Choosing the right tools and tech stack to build a data lake is critical in order to build a scalable solution and deliver data with a short time to market. In this post, we go over the process of building a data lake using AWS Glue ETL jobs and Amazon Redshift Spectrum, provide rationale behind the different decisions, and share best practices when building such a platform.
AWS DMS is a managed migration and replication service that helps you move database and analytics workloads to AWS quickly, securely, and with minimal downtime and zero data loss. AWS DMS can migrate existing data (full load) and replicate ongoing changes from SQL Server databases. Refer to Sources for AWS DMS for the supported versions and editions. AWS DMS works by setting up a source and destination for the replication and running a replication task on an AWS DMS replication instance. The AWS DMS replication instance can be either a provisioned or serverless instance. AWS DMS Serverless provides automatic provisioning, scaling, and built-in high availability. In this example, we use AWS DMS Serverless for replicating the data. Refer to Supported Engine Versions to see the supported database types, and review the limitations using SQL Server as source and Amazon S3 as target.
In our setup, we have configured the following components:
- Source endpoint – This is database connection information pointing to the source Microsoft SQL database. The AWS DMS replication instance uses this information to connect to the source database.
- Target endpoint – This is an S3 bucket where the data will arrive. The AWS DMS replication instance uses this information to connect to the target S3 bucket. Refer to Endpoint settings when using Amazon S3 as a target for AWS DMS for the different options you can use to configure your S3 target database.
- AWS DMS replication task – The replication task runs on the replication instance and migrates data from the source endpoint to the target endpoint. The type of task is full load and change data capture (CDC). AWS DMS Serverless automatically scales the capacity units based on load on replication.
AWS DMS can start a full data load while capturing changes on the source. The full load migration phase populates the target with a copy of the source data. After the full load is complete, captured changes are applied to the target. When the changes have been applied, the task goes into ongoing CDC mode, which scans the source for new data or schema changes. AWS DMS is able to capture schema changes on the source, such as the addition of new columns or tables, and apply these to the destination without the need for any additional code or manual steps. For more details, refer to DDL statements supported by AWS DMS.
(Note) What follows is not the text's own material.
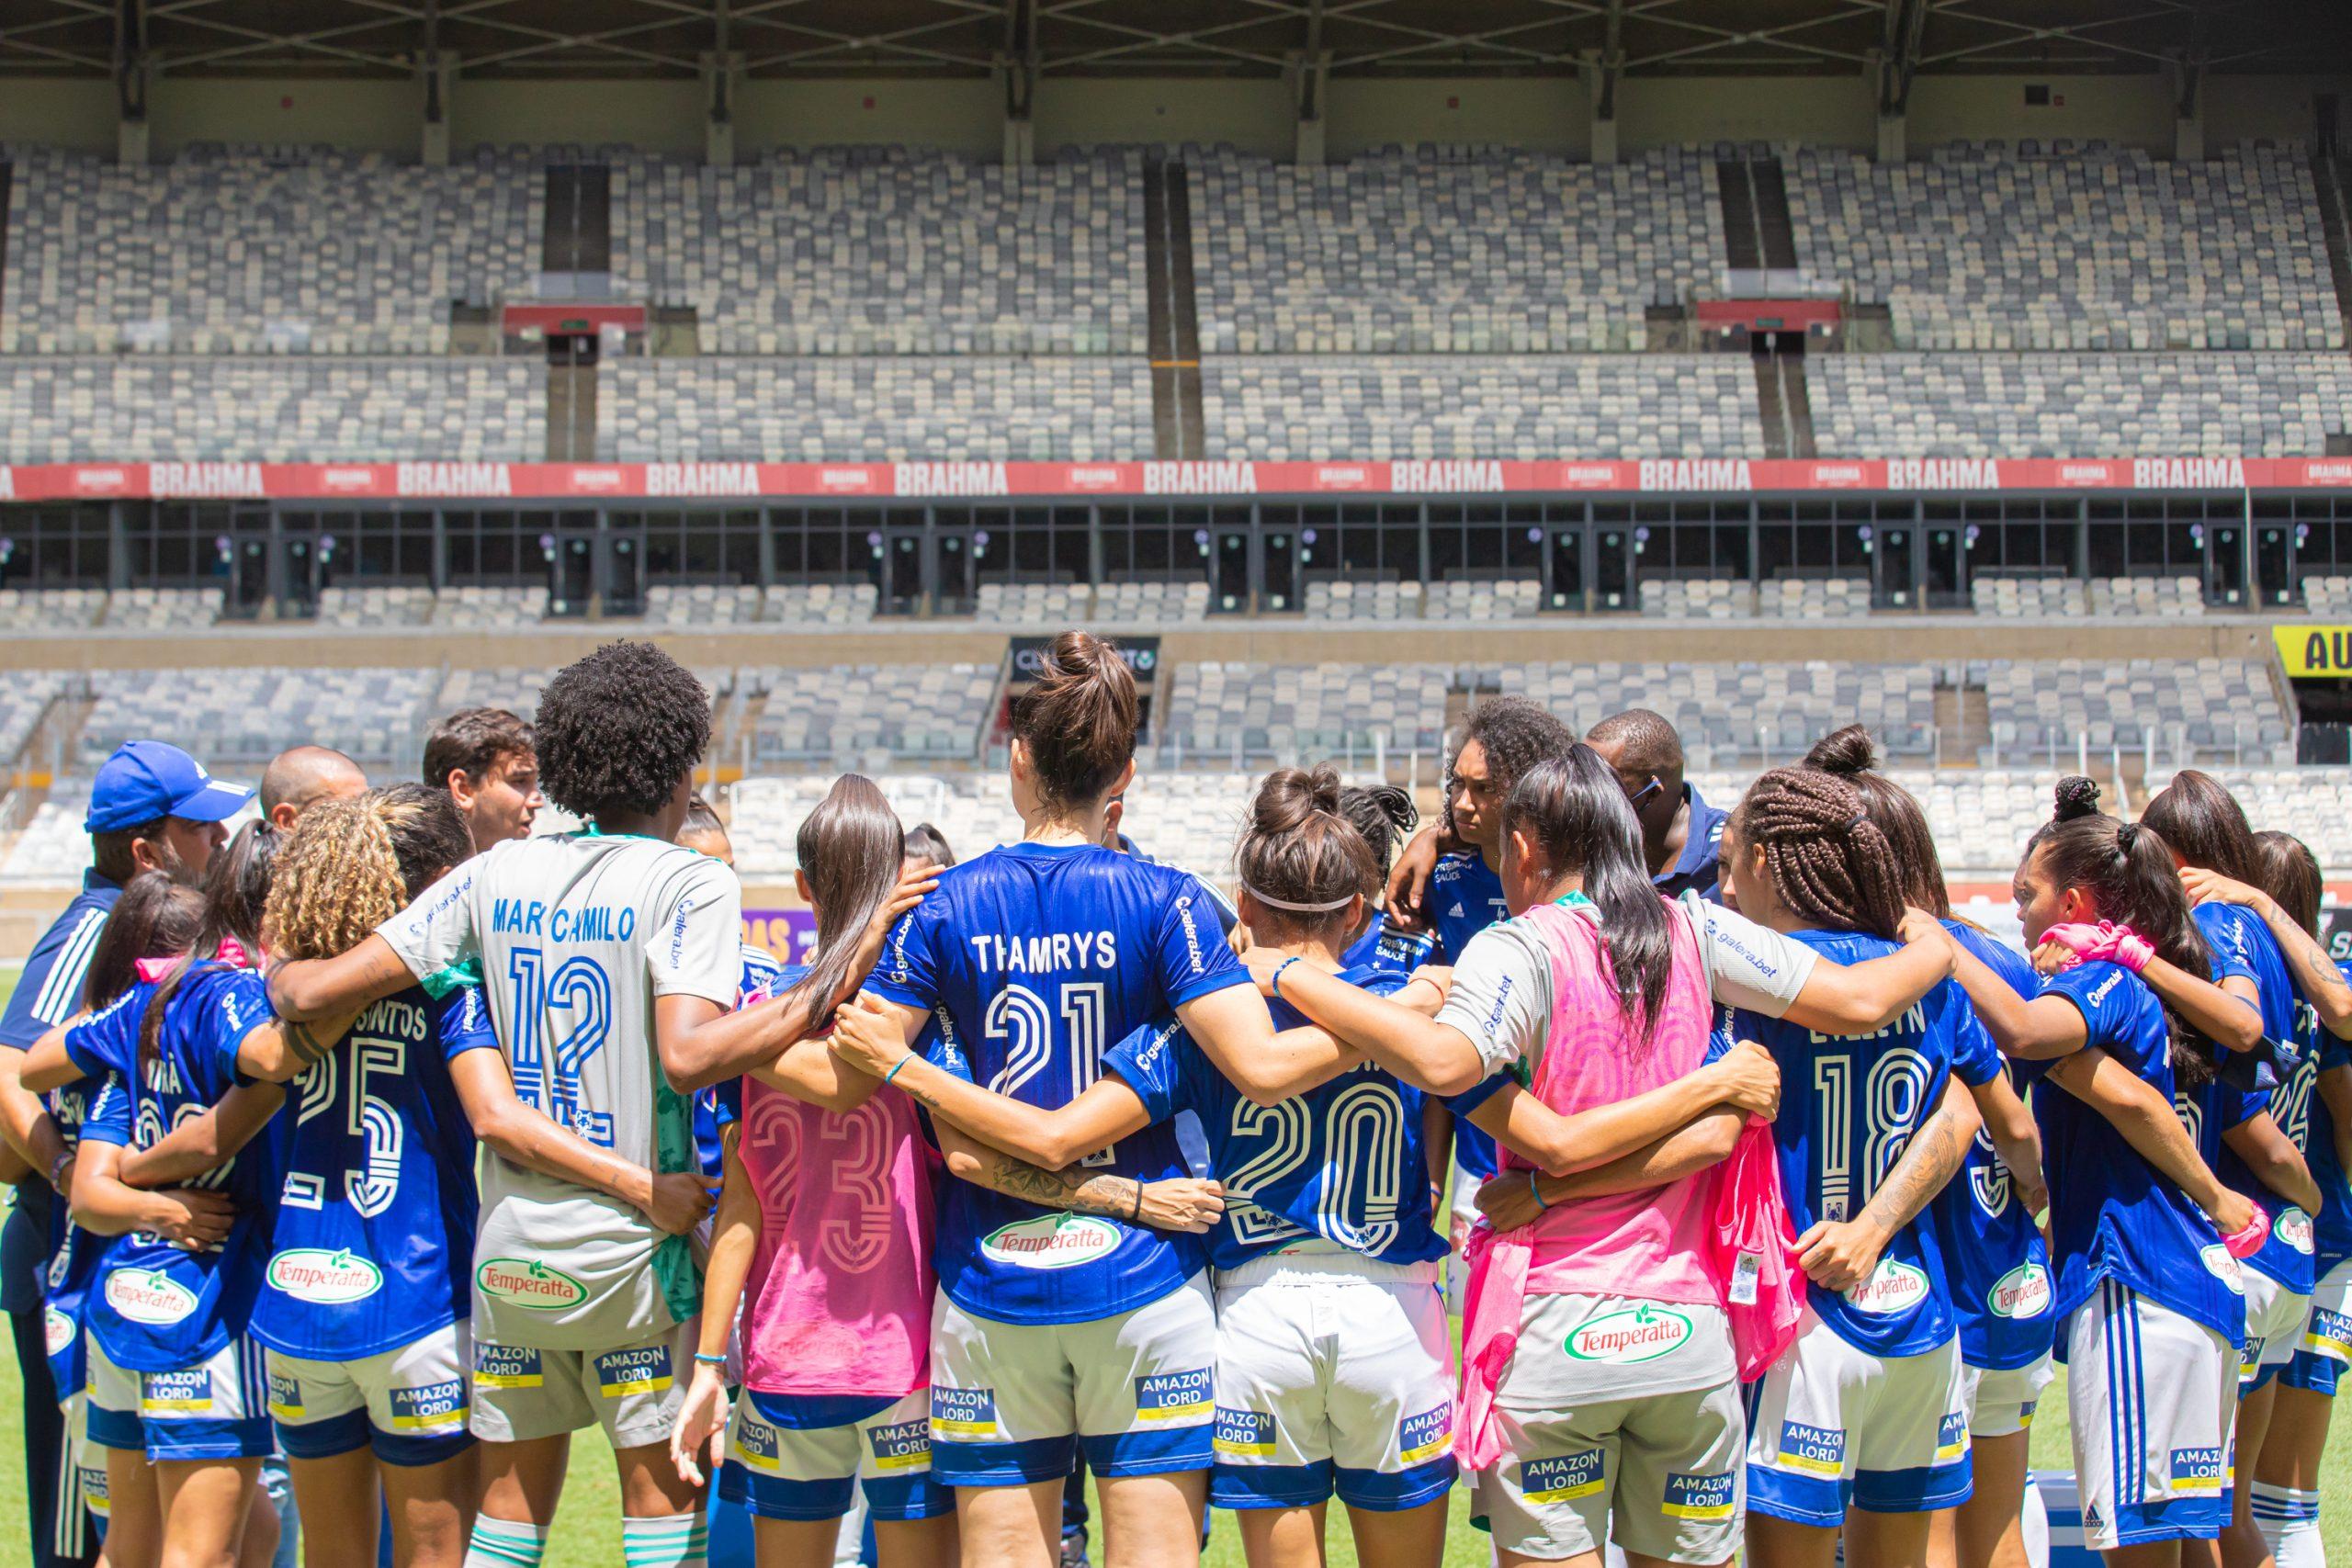 Equipe de futebol feminino celeste

When the target of AWS DMS is set to Amazon S3, incoming schema changes aren’t written to the destination files. Instead, AWS DMS writes the new defining data schema to the CDC files. AWS DMS supports DDL commands for CDC. Refer to Limitations to using Amazon S3 as target for a complete list of supported DDL commands. When a column is added, dropped, or renamed on the source database, no ALTER statement is recorded in the target S3 bucket, and AWS DMS doesn’t alter previously created records to match the new structure. After the change, AWS DMS creates any new records using the new table structure.
The data from AWS DMS is stored on S3 objects as CSV or Parquet format. AWS DMS creates two types of files:
- Full load files – These are the entire table data dump to one or more files per table in the database. You can control the maximum file size by using the MaxFileSize endpoint setting.
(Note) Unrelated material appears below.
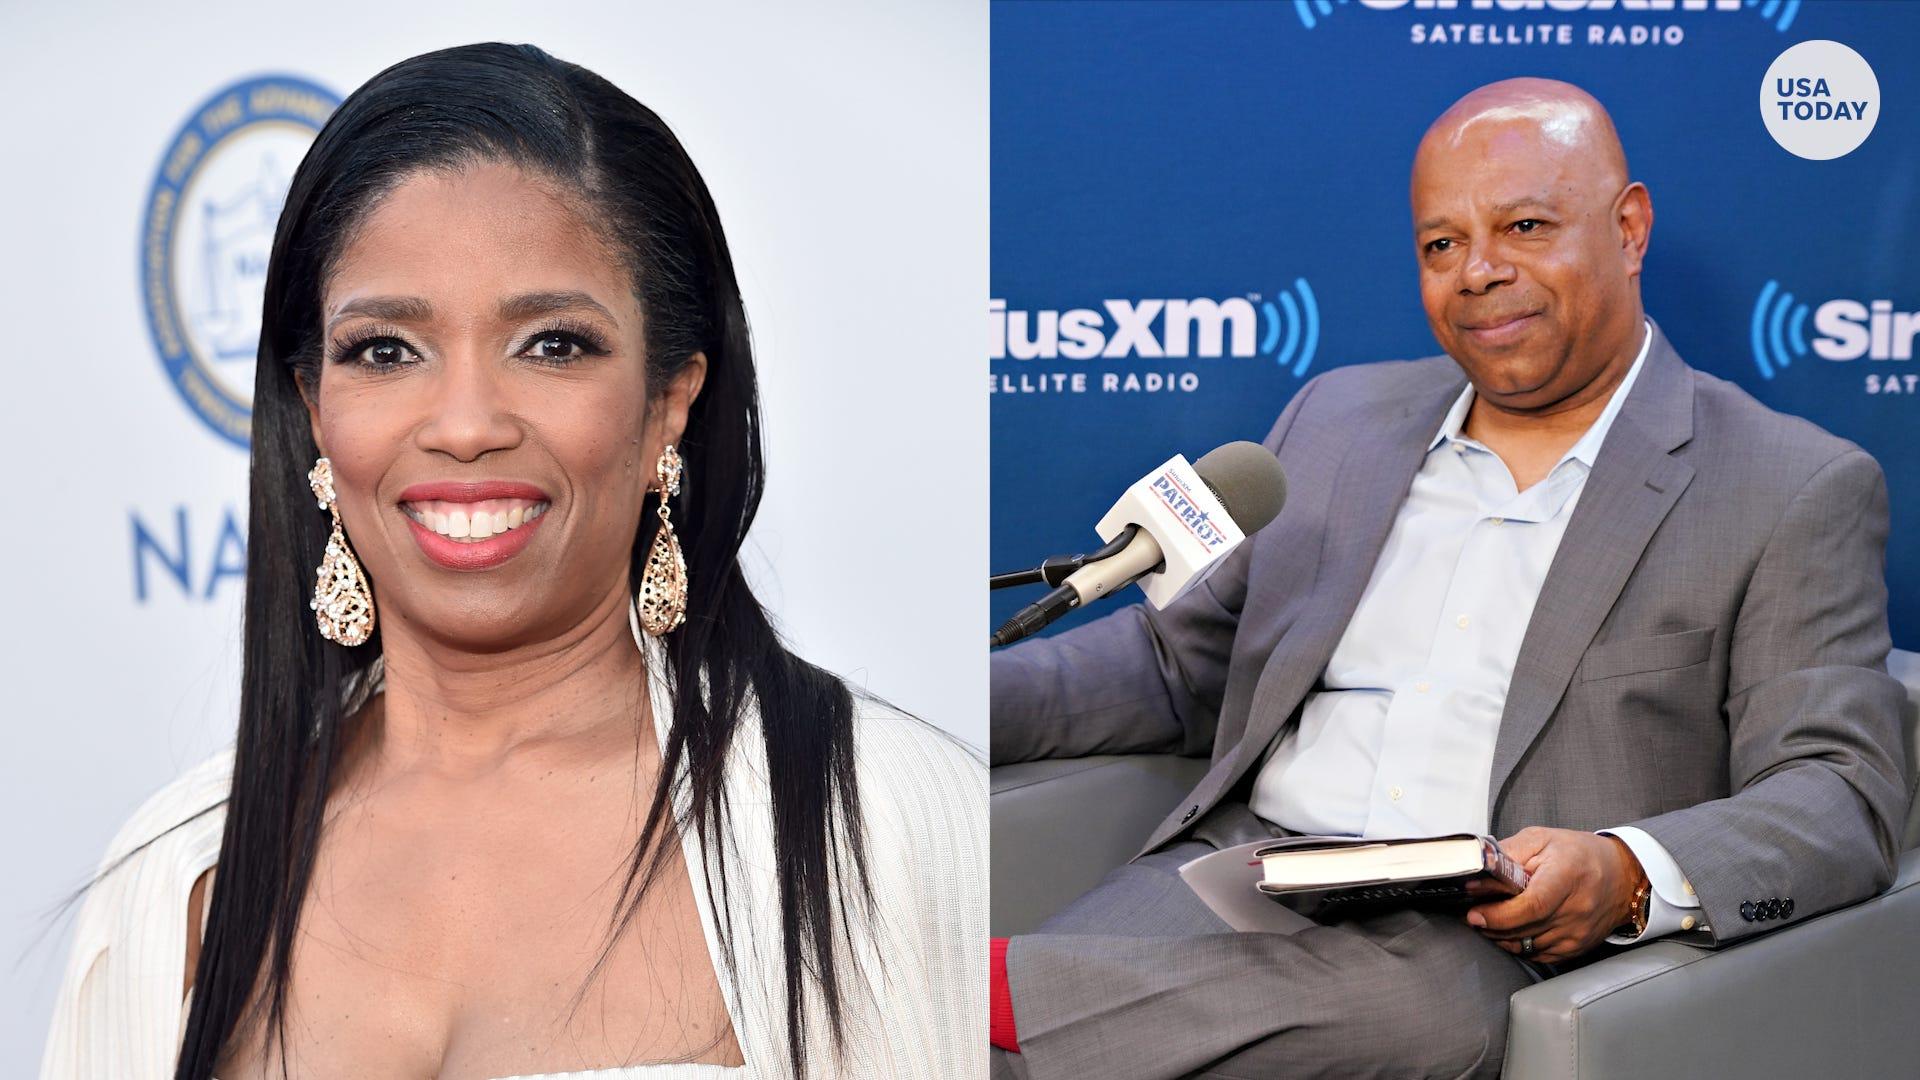 Areva Martin: CNN analyst accuses black radio host of white

- Transaction files – These files contain the new data that was loaded or changed in the database either during or after the full load. In the transaction file, we get the table header as an attribute. By default, AWS DMS stores the changes to each database table without a transaction order. To capture the changes in transaction order, refer to Capturing data changes (CDC) including transaction order on the S3 target.
After the files are loaded into Amazon S3, you can load this data into the data lake, which we discuss in later posts in this series.
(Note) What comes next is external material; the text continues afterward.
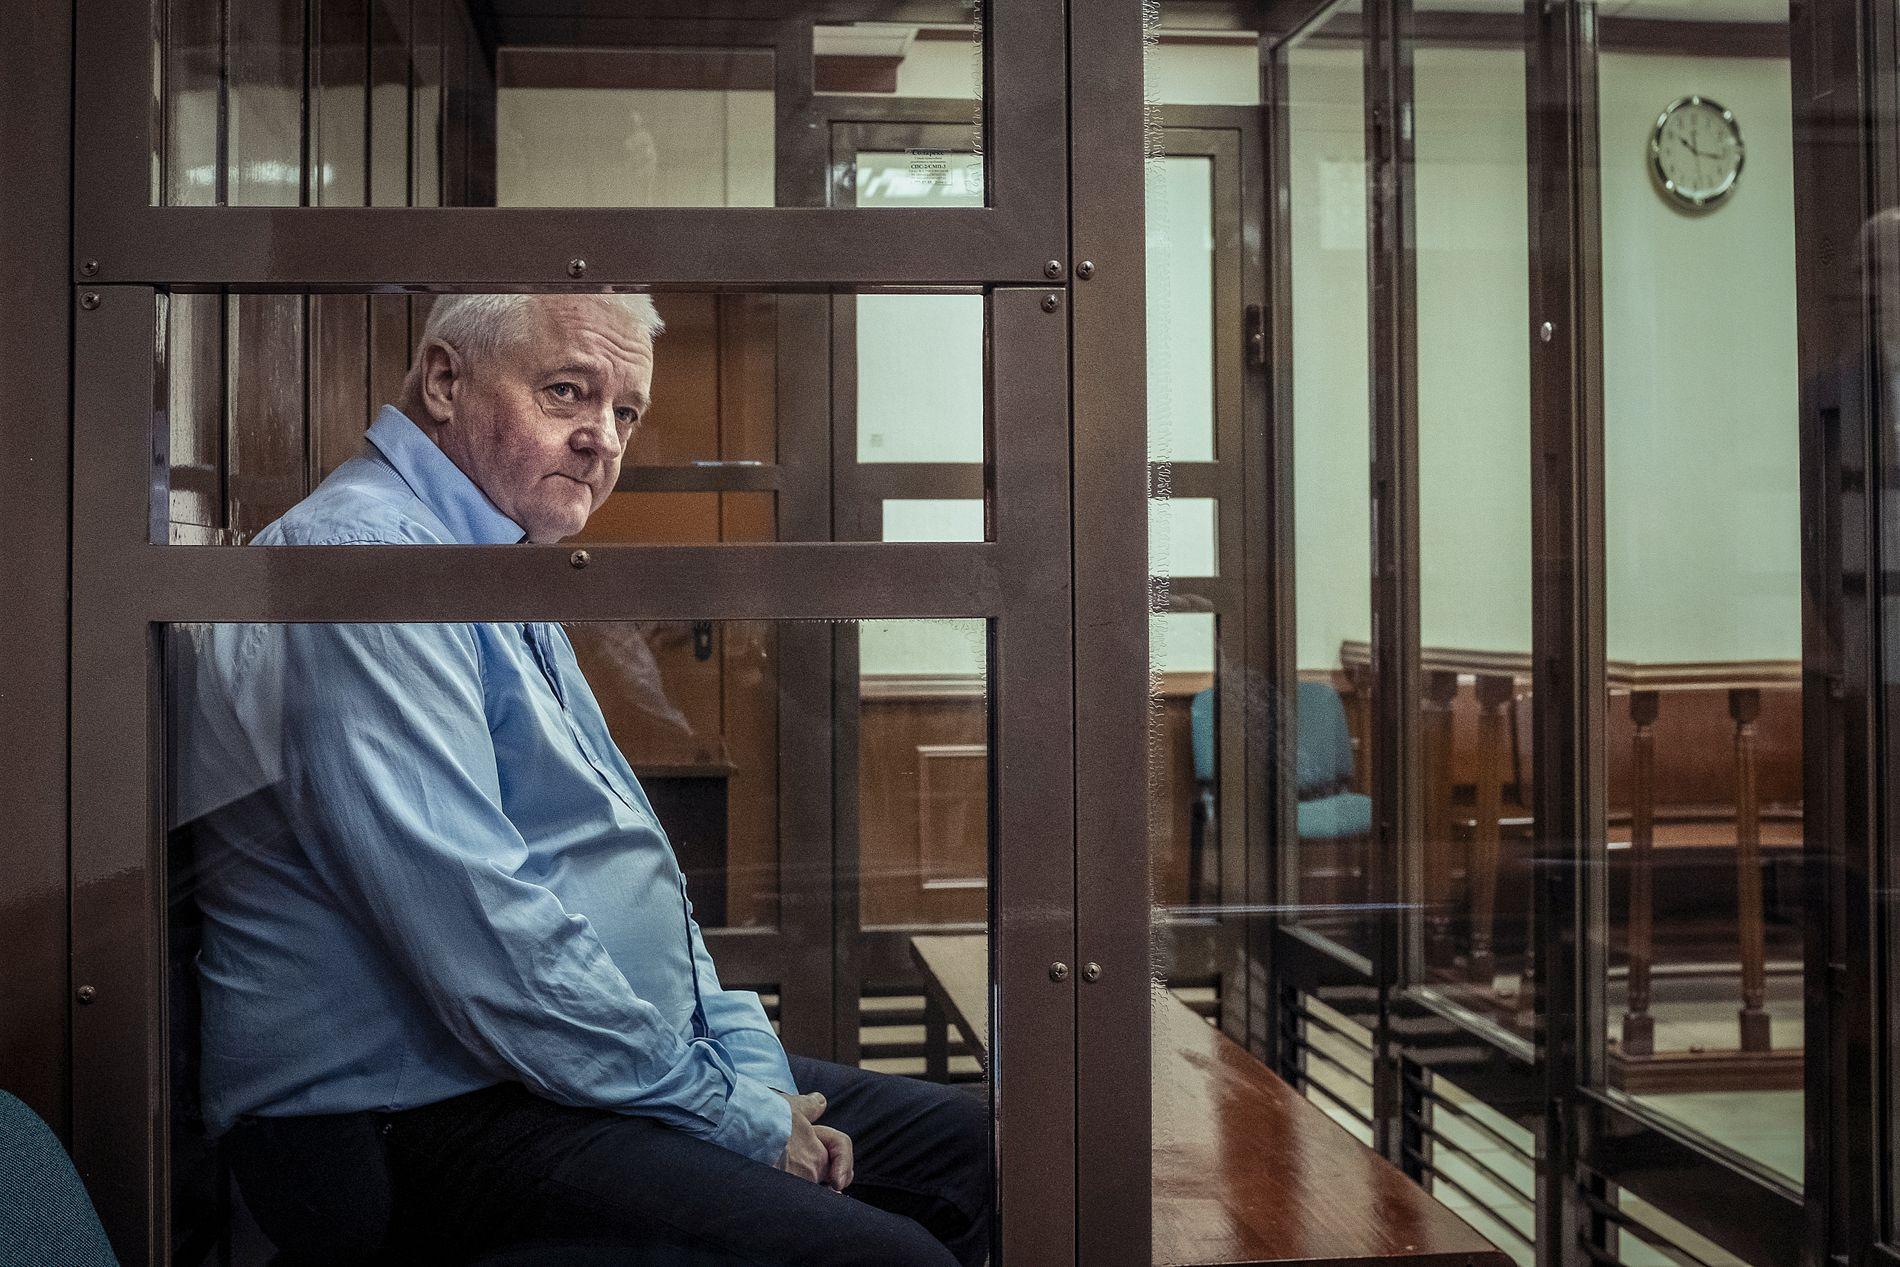 KAN FÅ DOM TIRSDAG: Frode Berg har sittet i varetekt i halvannet år, tirsdag kan han få sin dom.

In this solution, we use a SQL Server database on Amazon Elastic Compute Cloud (Amazon EC2) or Amazon Relational Database Service (Amazon RDS). The same architecture is applicable to databases hosted on an on-premises data center with connectivity to the AWS Cloud.
The following diagram illustrates the solution architecture.
Prerequisites
To follow the solution, you need the following prerequisites:
- An AWS Identity and Access Management (IAM) user with AWS Command Line Interface (AWS CLI) access to an AWS account.
- IAM privileges to do the following:
- Create AWS DMS replication instance, endpoints, and replication tasks.
- Create the S3 bucket.
- Microsoft SQL Server Developer, Standard or Enterprise Edition, either on premises, on an EC2 instance, or in Amazon RDS, with the AdventureWorks sample database. Refer to Sources for AWS DMS for supported versions and editions of different source databases. If you have an unsupported edition of SQL Server on premises, you can upgrade to a supported edition.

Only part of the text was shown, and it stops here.